Security services have to have a major say in any strategic purchase related to security, defense or the national interest.

And then obviously there should be more funds for independent investigative reporters. I am friends with an organization called the Organized Crime and Corruption Reporting Project (OCCRP). They tell me that to train one proper investigative journalist and to keep him safe and to keep him protected from libel suits, you have to have a budget of about $300,000 a year, maybe $400,000.

If your readers care about Israel, about keeping it democratic, there should definitely be some civil society efforts

When societies start investing in investigative journalism like that, that’s when the job will be done. And it can’t be one investigative journalist. You have to have dozens.

If your readers care about Israel, about keeping it democratic, there should definitely be some civil society efforts, some donations, some Kickstarters. Ultimately people should understand that this will hit them back in terms of their own welfare and their access to democratic institutions, but ultimately even economically.

It could happen in very unexpected ways. Your child could end up in a war with Syria, or some conflict instigated by Russia somewhere in the world. In a way this is a repetition of the 1930s. No one thought that events in Nazi Germany would have any repercussions for the United States. But then the country ended up fighting the Germans when it was too late.

Could this covert Russian influence constitute a factor in a future Israeli war?

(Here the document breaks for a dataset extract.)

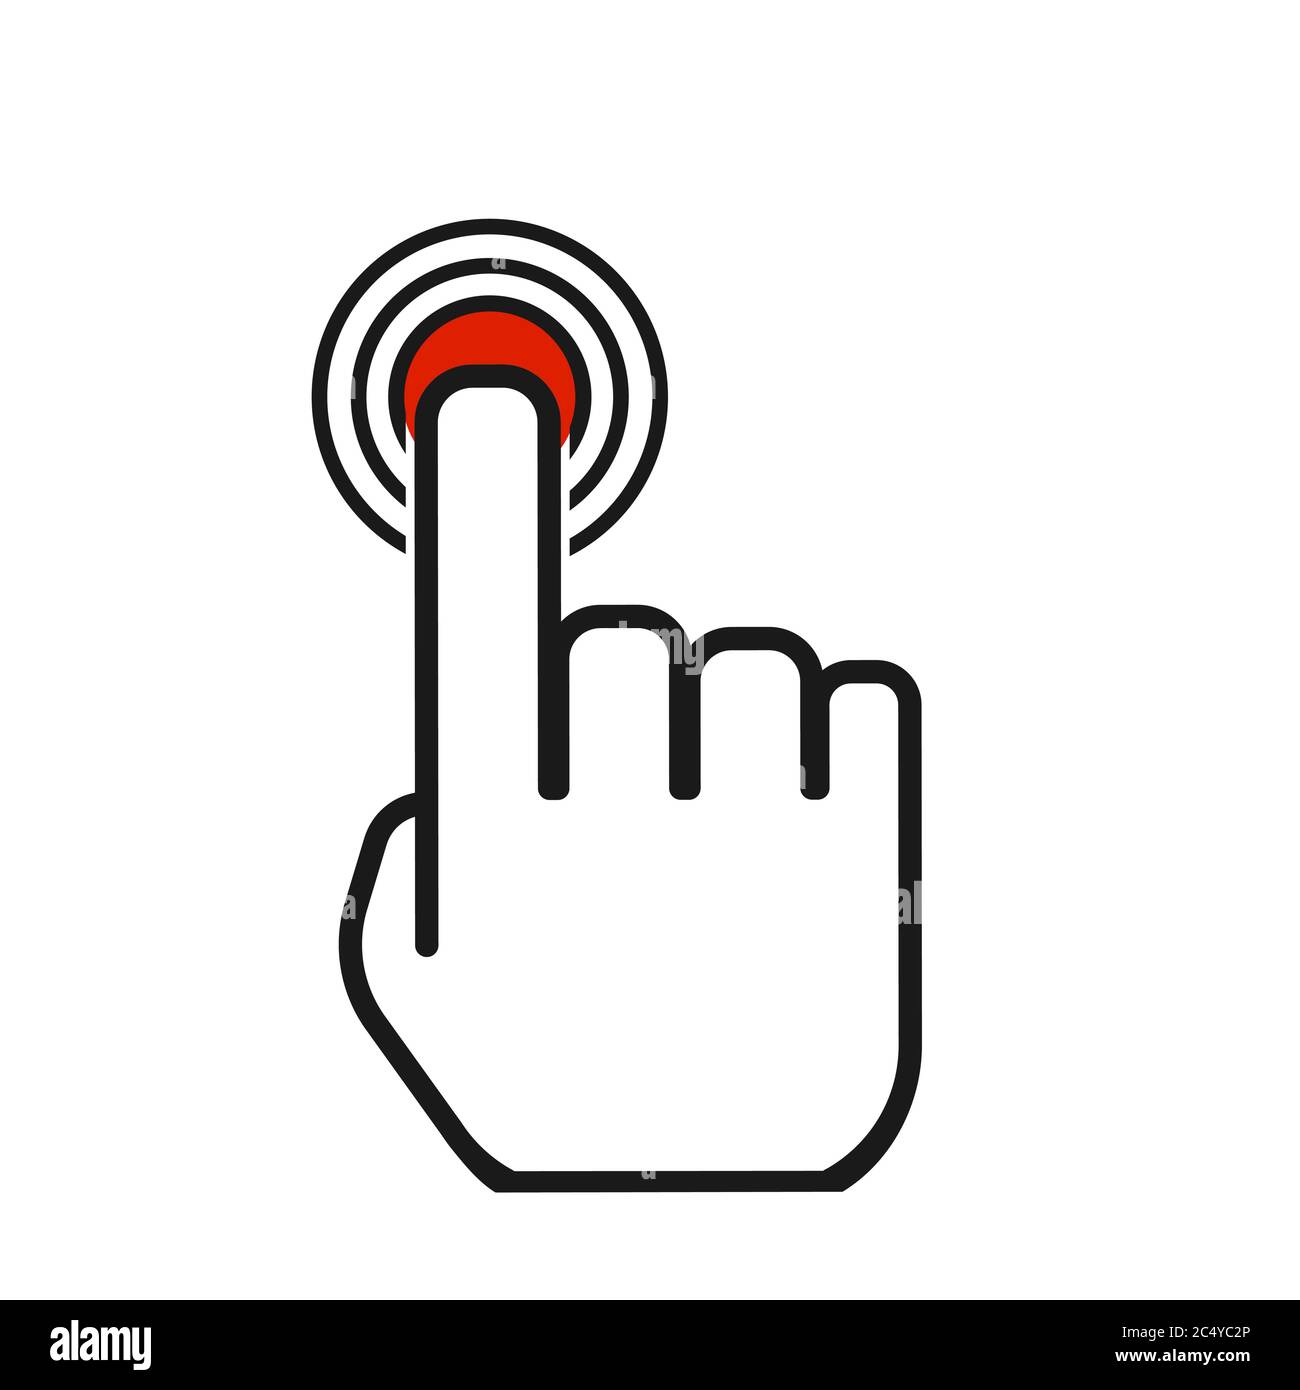 finger click icon

The West is like a small clean lake, or relatively clean lake, in the middle of a swamp. And the floodgates have been opened

What people in general in the West should understand is that the West and NATO are now becoming a minority force in the world; the power of the United States is declining. These large authoritarian states are taking over if not the world then at least Eurasia, countries like China and Malaysia that are not going to become democratic any time soon. The richer they get, the more authoritarian and the more aggressive and expansionist they become.

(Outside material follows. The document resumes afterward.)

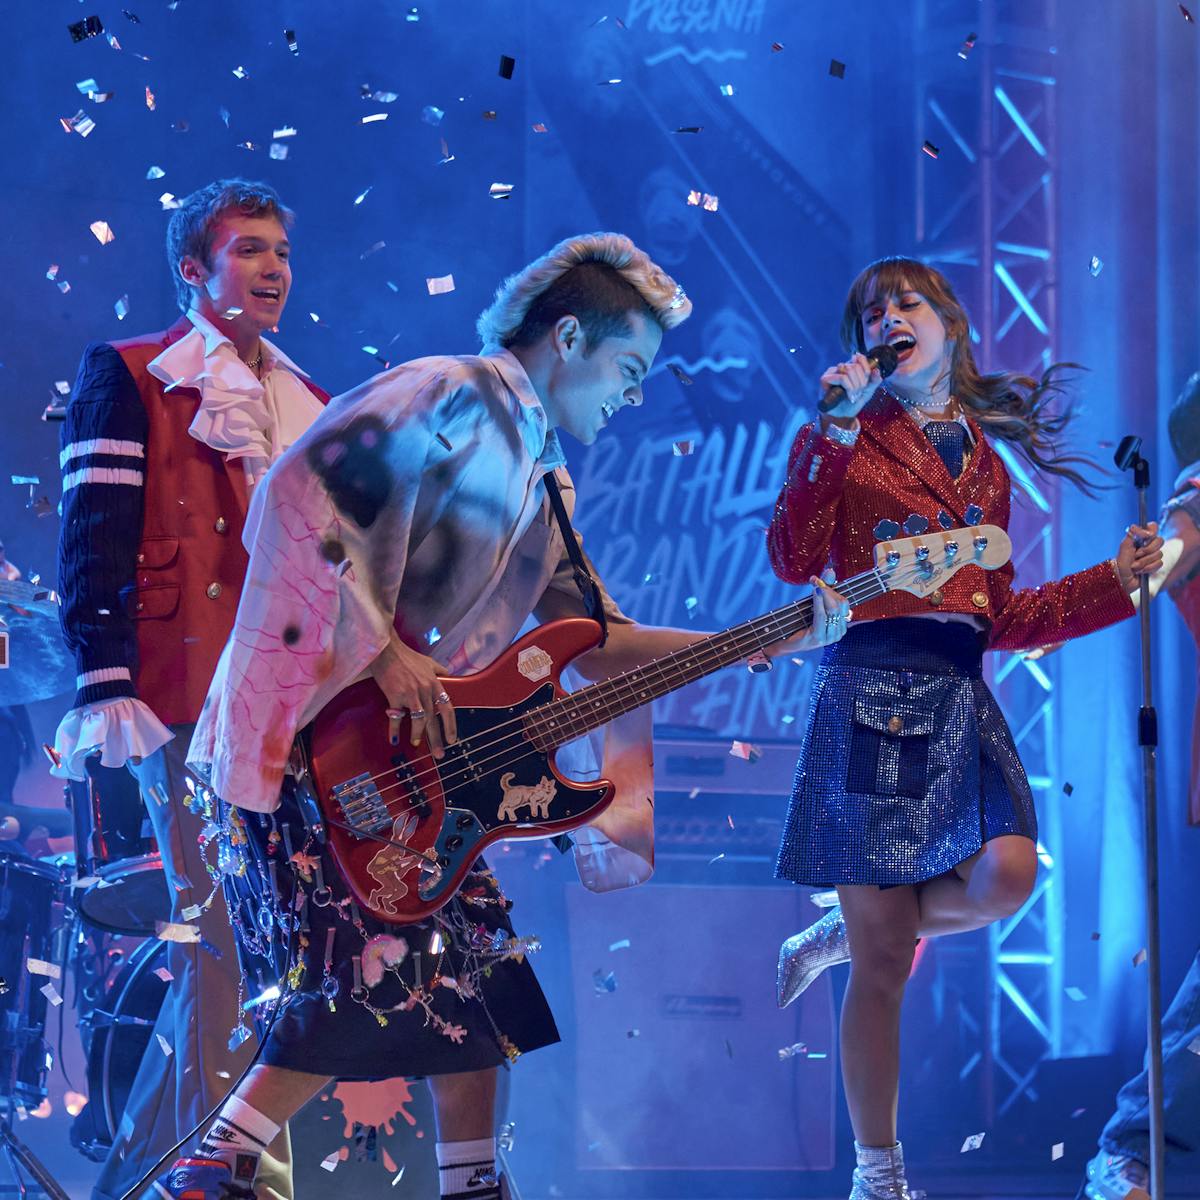 El elenco de Rebelde rockea en un escenario lleno de confeti.

Democratic countries are becoming like an oasis in the desert. A better metaphor is that the West is like a small clean lake, or relatively clean lake, in the middle of a swamp. And the floodgates have been opened. It’s not like the small lake will clean up the swamp. It’s the other way around. So unless you close the doors and put some filters in place, you will be taken over as a swamp as well.

It won’t be easy. Consumption in the West will have to be scaled back from those money flows from Eurasia. Some industries will have to suffer, especially those that benefit from gas and oil contracts, as well as lobbyists, PR people, lawyers, all offshore accountants and real estate people. They will have to suffer; they will not make as much money.

But the society as a whole will benefit and be able to hold on to its values, like due diligence and good governance.

In terms of Israel specifically, if this does not happen, then I think the NATO alliance will be marginalized and might have to be involved in conflicts it doesn’t want. And then Israel will be much more on its own against its foes, and might not receive as much American help as it might hope to in such circumstances.

So all this has direct security implications for Israel as a society, and Israel as a state, unfortunately.